Referee: Results (LOSO evaluation paragraph): The reported standard deviations (0.04–0.10) are large relative to the mean accuracies, yet no cohort size, number of subjects, or total instances is stated. Without this, it is impossible to assess whether the variability reflects small-sample effects or unstable aggregation, which directly weakens confidence in the headline performance claims.

Authors: We agree that cohort details are essential for interpreting the reported variability. The revised manuscript will explicitly state the number of subjects and total instances in the Results section. The standard deviations primarily reflect the small, heterogeneous elderly oncology cohort and real-world missingness patterns under the stringent LOSO protocol; we will add a brief discussion of these factors and their implications for performance stability. revision: yes
Referee: Methods (attention-based MIL formulation): The central assumption that attention weights capture clinically meaningful functional-change dynamics rather than artifacts of data availability or missingness patterns is untested. No attention-weight visualizations, correlations with clinical events, or ablation on masked vs. imputed instances are provided, leaving the reliability of the bag-level aggregation unsupported.

Authors: We acknowledge the value of directly testing this assumption. The revised version will include attention-weight visualizations for representative patients and an ablation comparing performance on masked versus imputed instances to assess sensitivity to missingness patterns. While exhaustive correlation with specific clinical events would require additional annotations beyond the current dataset, the existing modality ablations already provide supporting evidence for the contribution of each data stream to the bag-level predictions. revision: partial
Referee: Methods (label preparation): Continuous handgrip and FACIT-F scores are discretized into three classes without reported validation against continuous regression baselines, sensitivity analysis on thresholds, or clinical justification for the cut-points. This post-hoc step is load-bearing for the reported classification metrics and could introduce bias not captured by the current evaluation.

Authors: The discretization thresholds follow established minimal clinically important differences (MCID) reported in the oncology and geriatrics literature for handgrip strength and FACIT-F. The revised Methods section will include explicit clinical references and justification for the cut-points. We will also add a sensitivity analysis varying the thresholds and report the resulting impact on balanced accuracy. A supplementary comparison against continuous regression baselines can be provided if requested. revision: yes

Circularity Check

0 steps flagged

No circularity: empirical MIL training on external labels under LOSO

full rationale

The paper describes a supervised attention-based MIL pipeline that encodes multimodal wearable instances with modality-specific MLPs, aggregates via attention, and predicts discretized functional-change classes from clinical labels. All reported metrics (balanced accuracy/F1 under subject-independent LOSO) are obtained by training and evaluating on held-out subjects; no equation, parameter, or prediction is defined in terms of itself or reduced to a fitted input by construction. No self-citation is invoked as a uniqueness theorem or to justify the core architecture. The derivation chain is therefore self-contained empirical learning.

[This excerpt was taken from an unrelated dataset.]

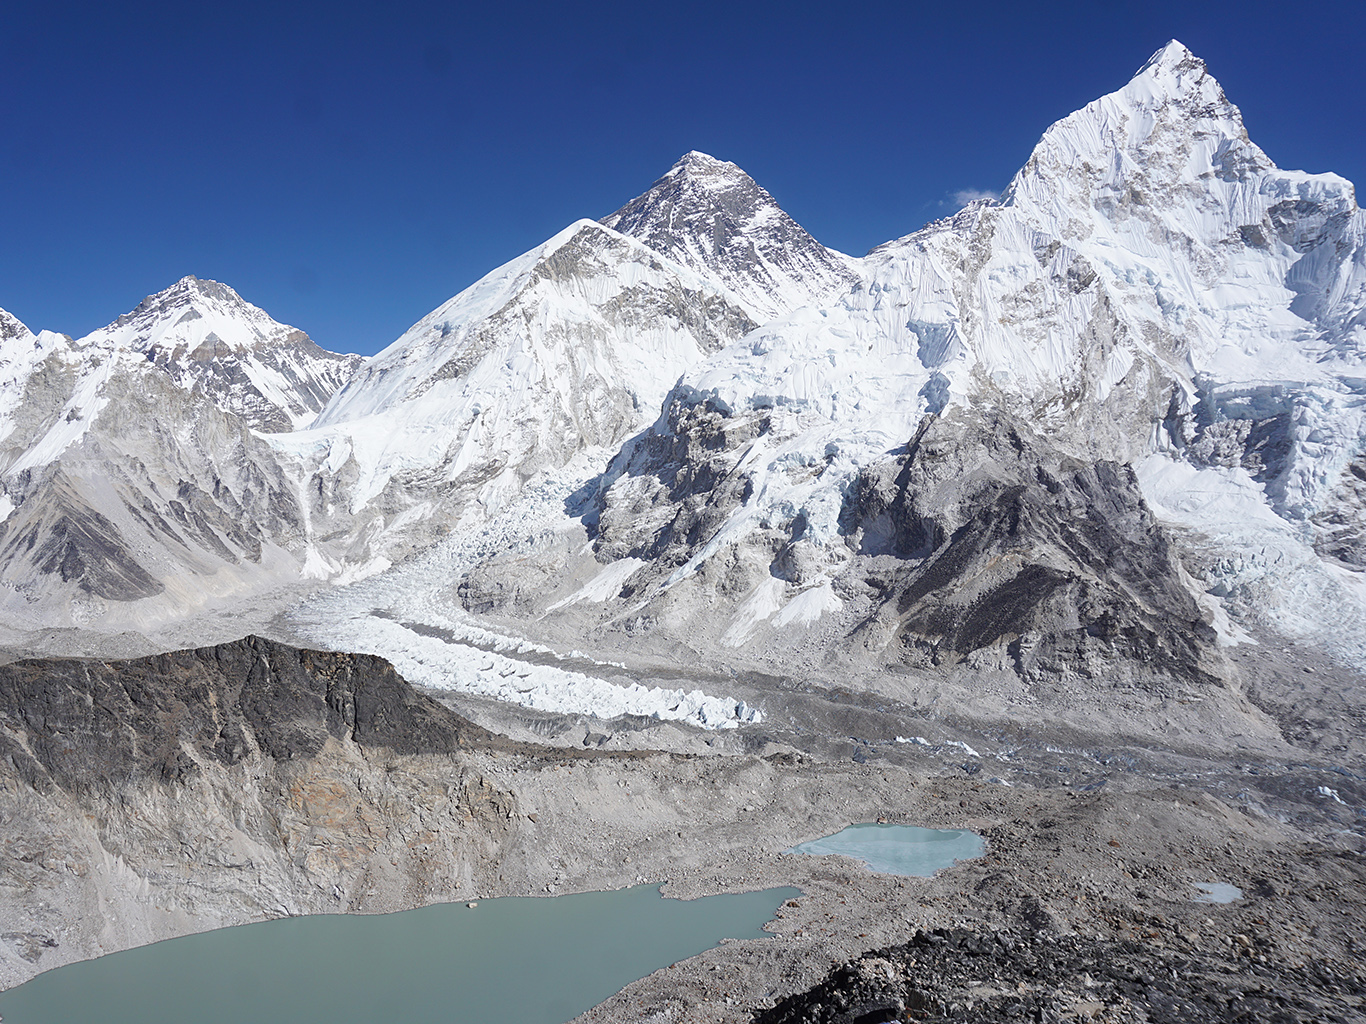 Výhled z Kala Pattaru na pyramidu Everestu, vpravo zub vrcholu Nuptse, vlevo Khumbutse Peak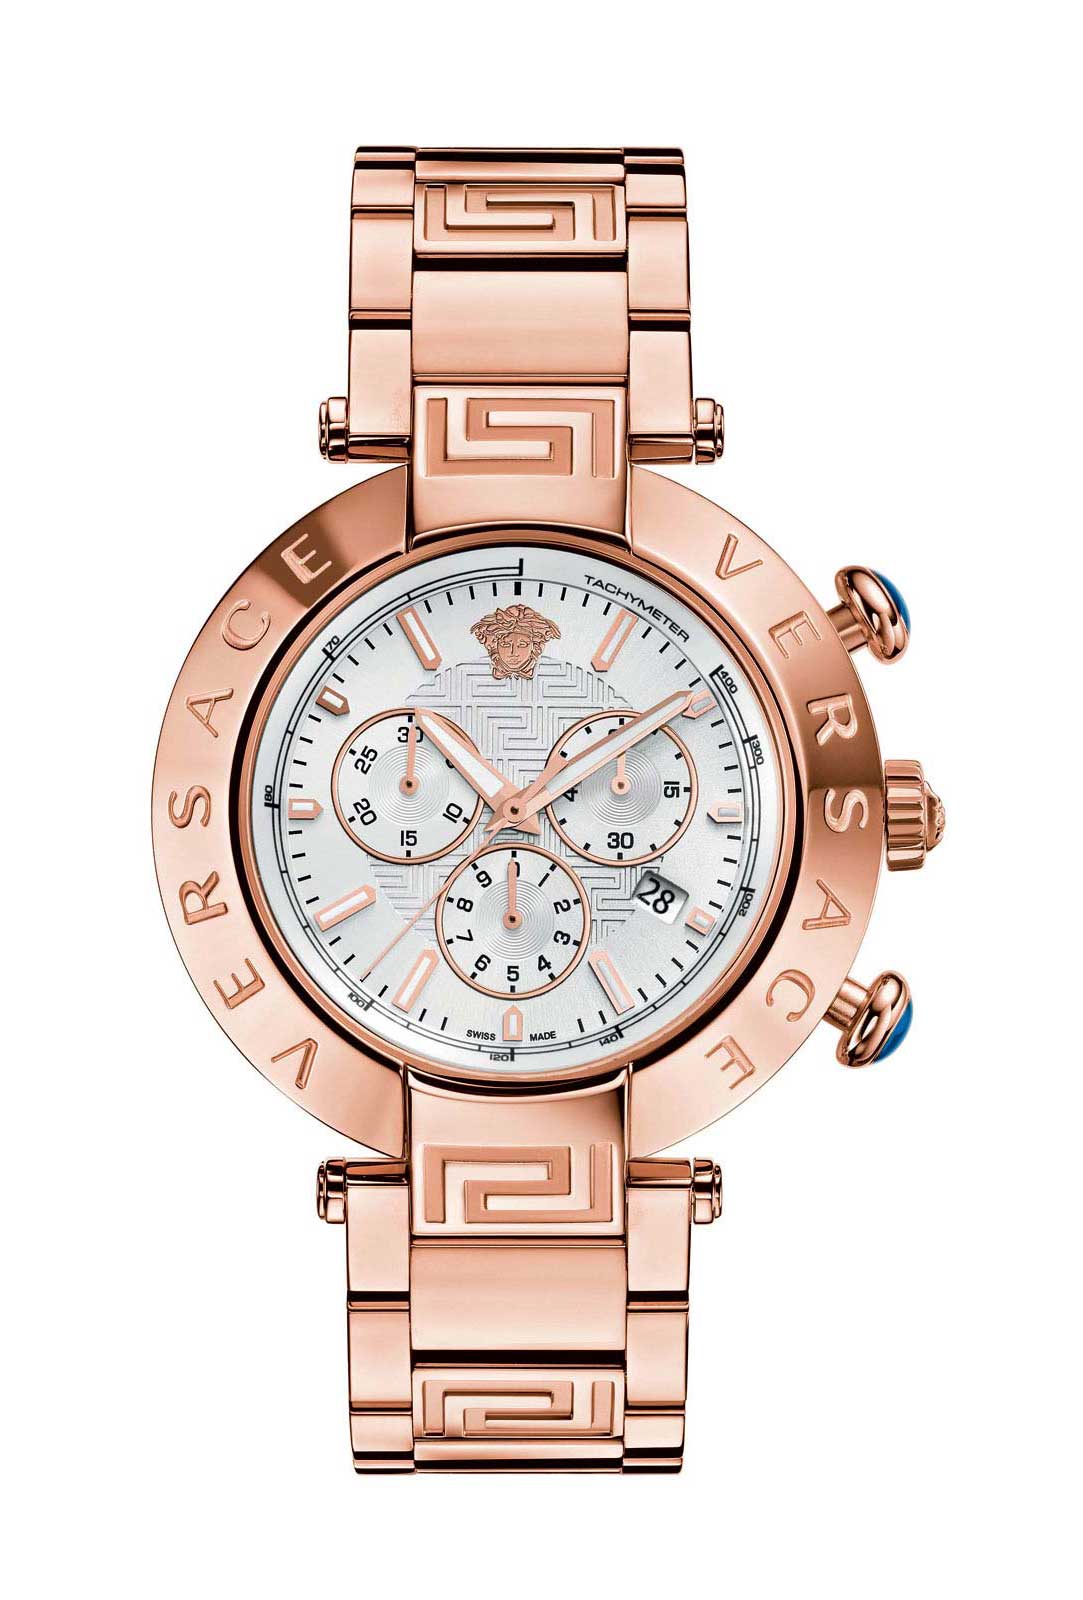 Versace QUARTZ CHRONO watch 5040D ROSE GOLD - Click Image to Close

Axiom & Free-Parameter Ledger

1 free parameters · 1 axioms · 0 invented entities

Relies on standard assumptions of MIL applicability to longitudinal data with missingness; no new invented entities or heavily fitted parameters beyond typical hyperparameters.

free parameters (1)

embedding dimension
MLP encoder size set to 128; chosen to balance capacity and data scale.

axioms (1)

domain assumption Attention weights can effectively aggregate variable-length multimodal instances for bag-level prediction under weak supervision
Core MIL assumption invoked for handling irregular wearable data aligned to M3/M6 visits.

pith-pipeline@v0.9.0 · 5690 in / 1334 out tokens · 59523 ms · 2026-05-10T17:49:03.449439+00:00 · methodology

discussion (0)

Lean theorems connected to this paper

Citations machine-checked in the Pith Canon. Every link opens the source theorem in the public Lean library.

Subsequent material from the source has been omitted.